SNP_all_matrix (SNPs_all_matrix)
This is the file of concatenated SNPs created from
SNPs_all that summarizes the alleles at all loci
of all strains.
tree_out (tree_out_c)
If there is no labels for internal nodes, this output file will
have a tree in newick form with internal nodes named.
tree_hre_label (tree_hre_labels.tre)
This is the tree with nodes and leaves labeled with the number of HRE events (x#) and mutations or errors (m#)
snp_map (snp_map_c)
This output file contains information to map SNP IDs to SNP
surrounding sequences.
hgtSNP (hreSNPs)
This contains a listing of SNPs predicted to be involved in HRE events, in the format of SNP_all input but with an extra first column numbering the loci.
block_out (block_out_c)
In this output file, each line is a block, and the numbers in
each line is the SNP IDs of the block.
event_out (event_out_c)
This output file contains the detected events in English. We do
not recommand parsing this file to get information.
snp_out (snp_out_c)
This output file contains inferred SNPs. HreFinder infers SNPs
for missing data, and "corrects" SNP alleles if HreFinder thinks
the SNPs are better explained by errors. Note that the accuracy
is data dependent.
hgt_only (hre_result_c)
This output file is essentially the same as event_out, but it
contains only HRE events.
event_summ (event_summ_c)
This output file is essentially the same as event_out, but not
in English. This file is good for parsing to extract more
information. See the first few lines of the file for the format
explanation.
hgt_from_to (hre_from_to_c)
This output file lists the numbers of HREs between each pair of
nodes in the tree if there is at least one HRE.
node_summ (node_summ_c)
This output file lists the number of mutations/errors/HRE of
each node, and their branch length.
picture (picture_c.png)
This output png file draws the events. SNPs are sorted by their
order in the master genome and separated by blocks. Red for
mutations, blue for errors, and cyan for HREs.
seq_out (seq_out_c)
This output file contains the HRE sequences. If an HRE occurs on
a leaf node, then the corresponding sequence is extracted from
fasta_file.
tree_name_int (tree_int)
This input/output file is for simulation. The program sib.py
that generates inversion doesn't read branch length as floating
point number, so we round the branch length to integers for
sib.py.
hre_from_to_by_locus
A table of all loci predicted to be involved in HRE and the donor
(from) and recipient (to) strains.

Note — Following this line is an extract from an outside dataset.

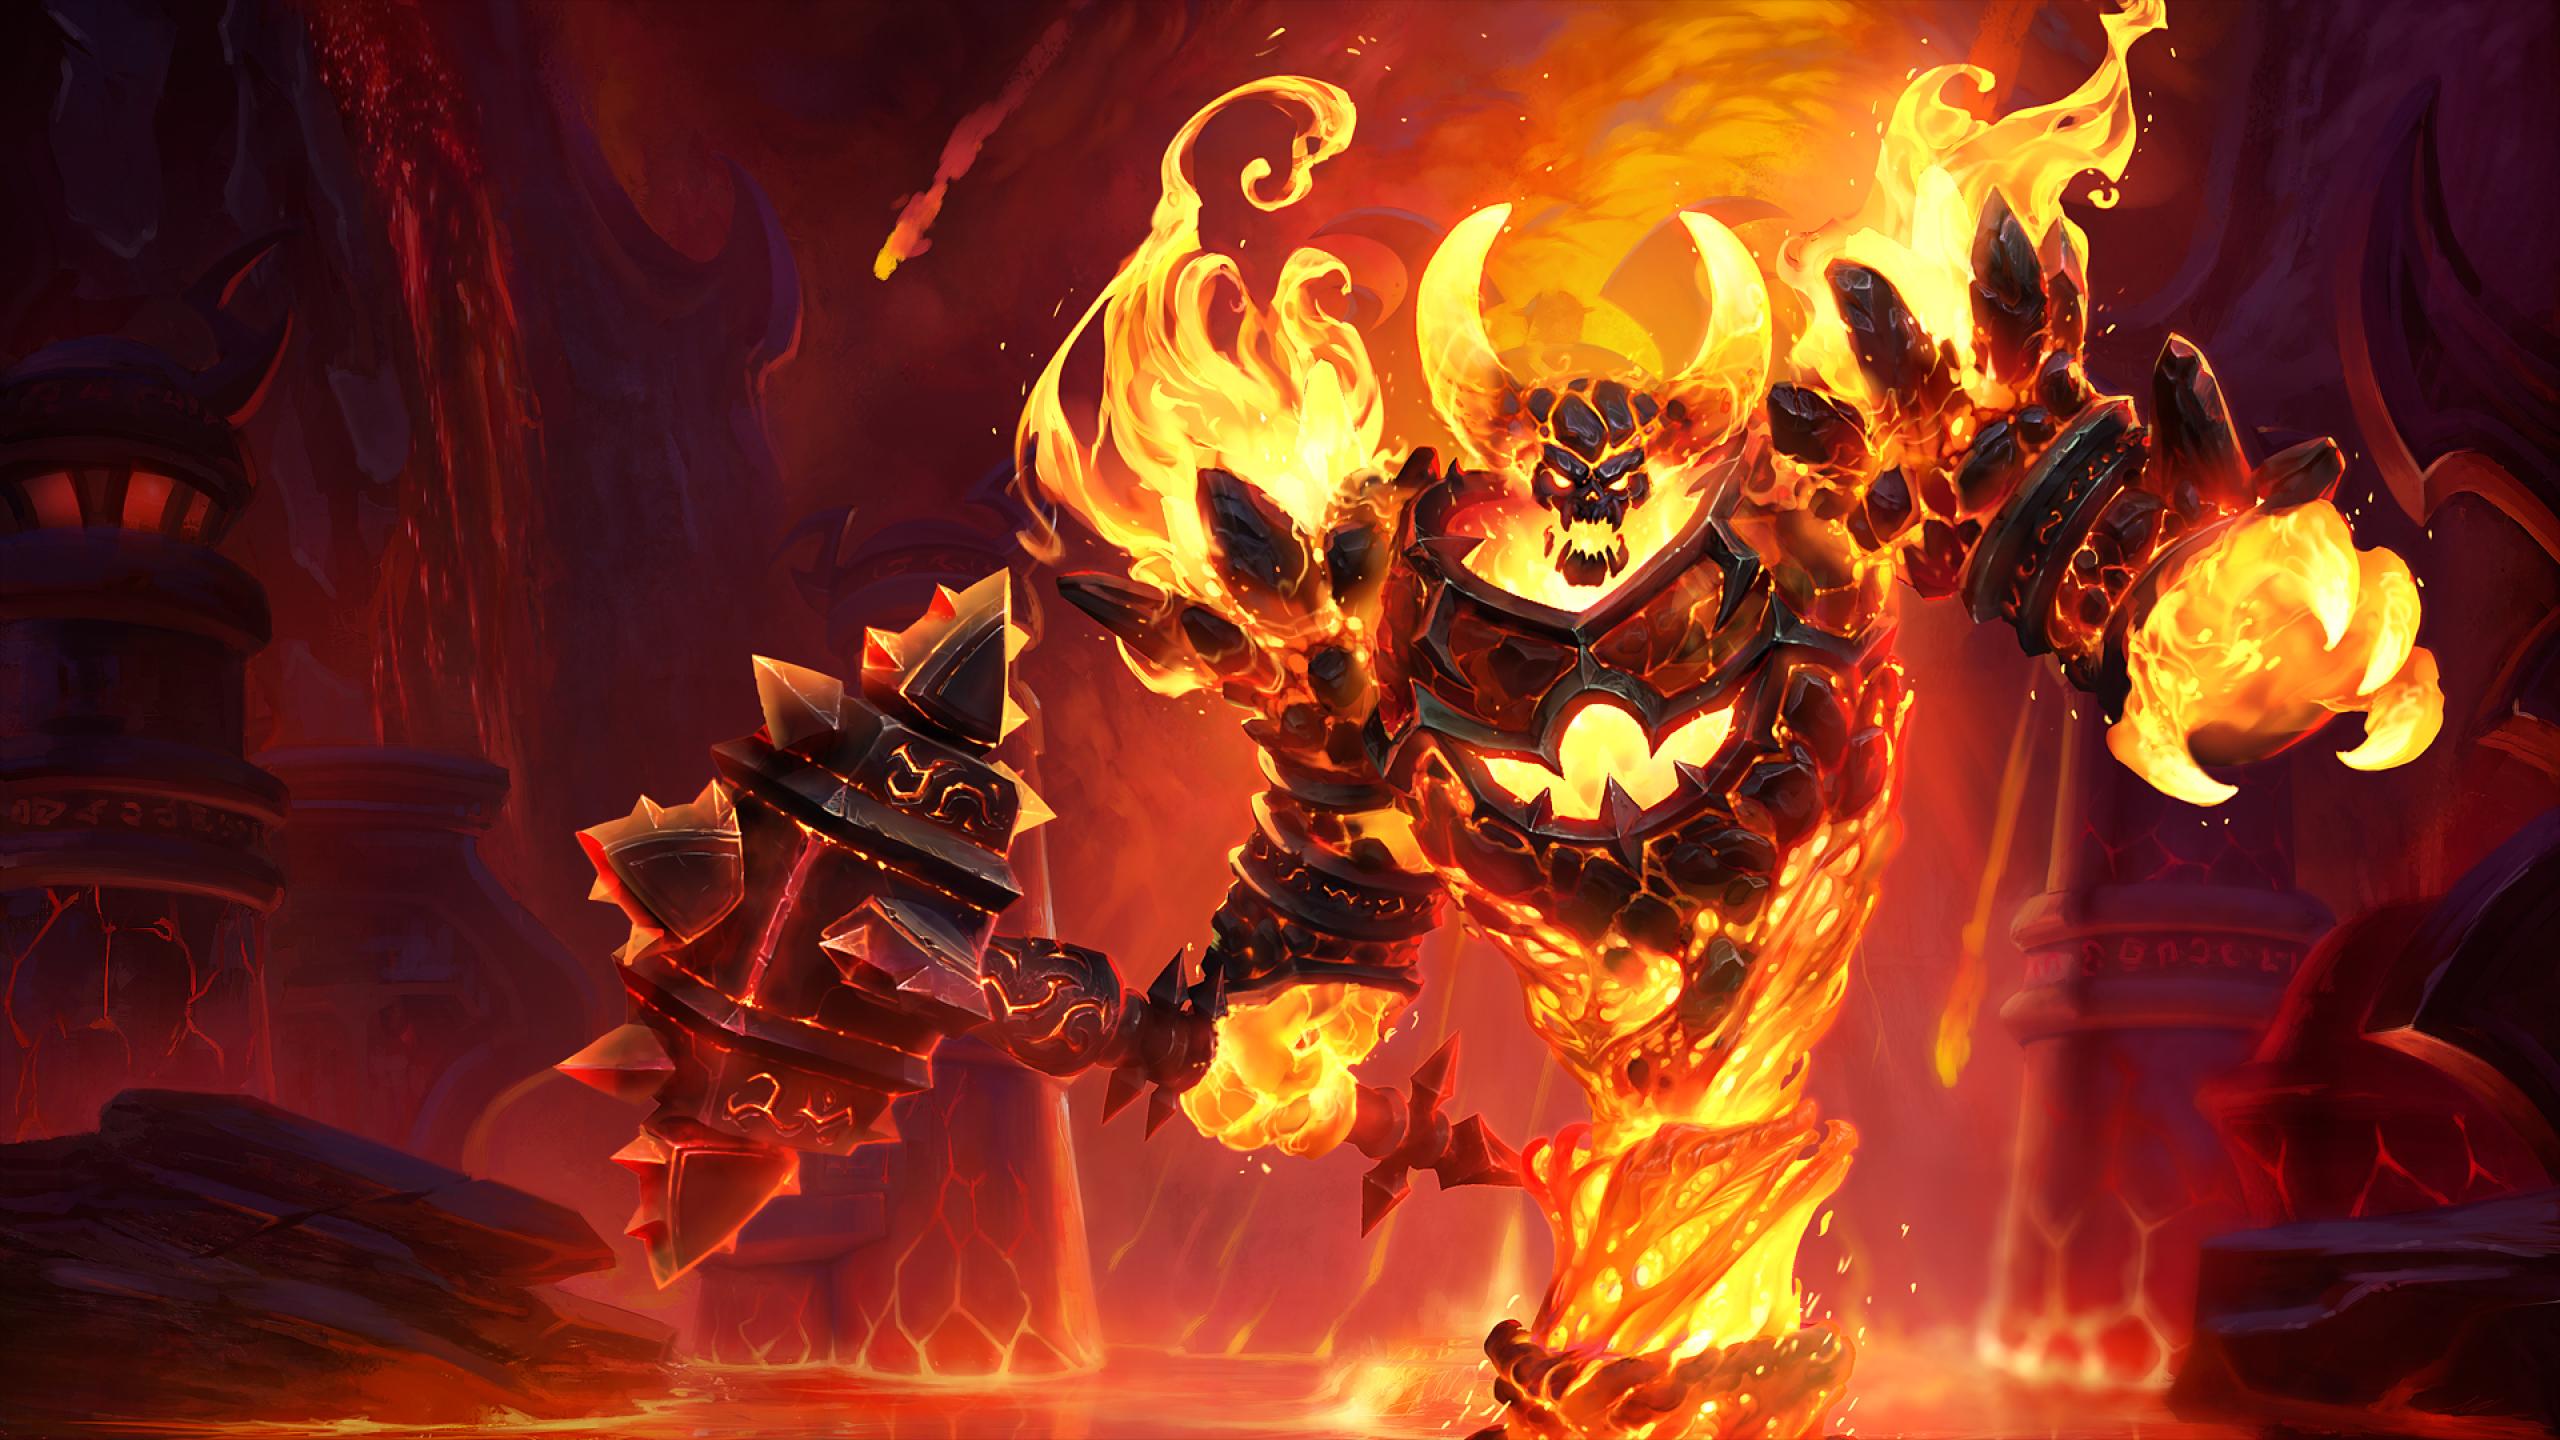 2560x1440 World of Warcraft Ragnaros Fire Art 1440P

For HRE's from or to internal
nodes, all the genomes under that node are listed in from/to columns
tanglegram.eps
Tanglegram picture of with lines connecting the nodes between which HRE's are predicted.
HRE's are plotted from the tree on the left to the tree on the right. "_" is pre-pended
to genome names of tree on the right so bioperl module will not automatically
connect taxa with same name.
----------------------------------------------------------------
In the run_config.py lines 16-21, you can change the costs to make
HRE more or less likely.
# Cost of events, feel free to change them
cost_error = 2
cost_mutation = 3
cost_HGT = 5
cost_out_group_open = 7
cost_out_group_extend = 1
----------------------------------------------------------------
RUNNING SIMULATION
Simply try to run single_run_simulation.py, read and run
simulation_for_paper.py in simulation/ directory.
----------------------------------------------------------------
SIMULATION WITHOUT INVERSIONS
In the src/ directory, open the file readSib.h, uncomment the
line of #define NO_INVERSION, re-compile, and it will be fine.
Note that the numbers in the paper are obtained by simulation
without inversions.
----------------------------------------------------------------
Some places we refer to HRE as HGT (horizontal gene transfer), the original
name for our method.
HRE is more accurate for what we are trying to predict, but to avoid introducing
unanticipated bugs we have left some of the original HGT's in variable names.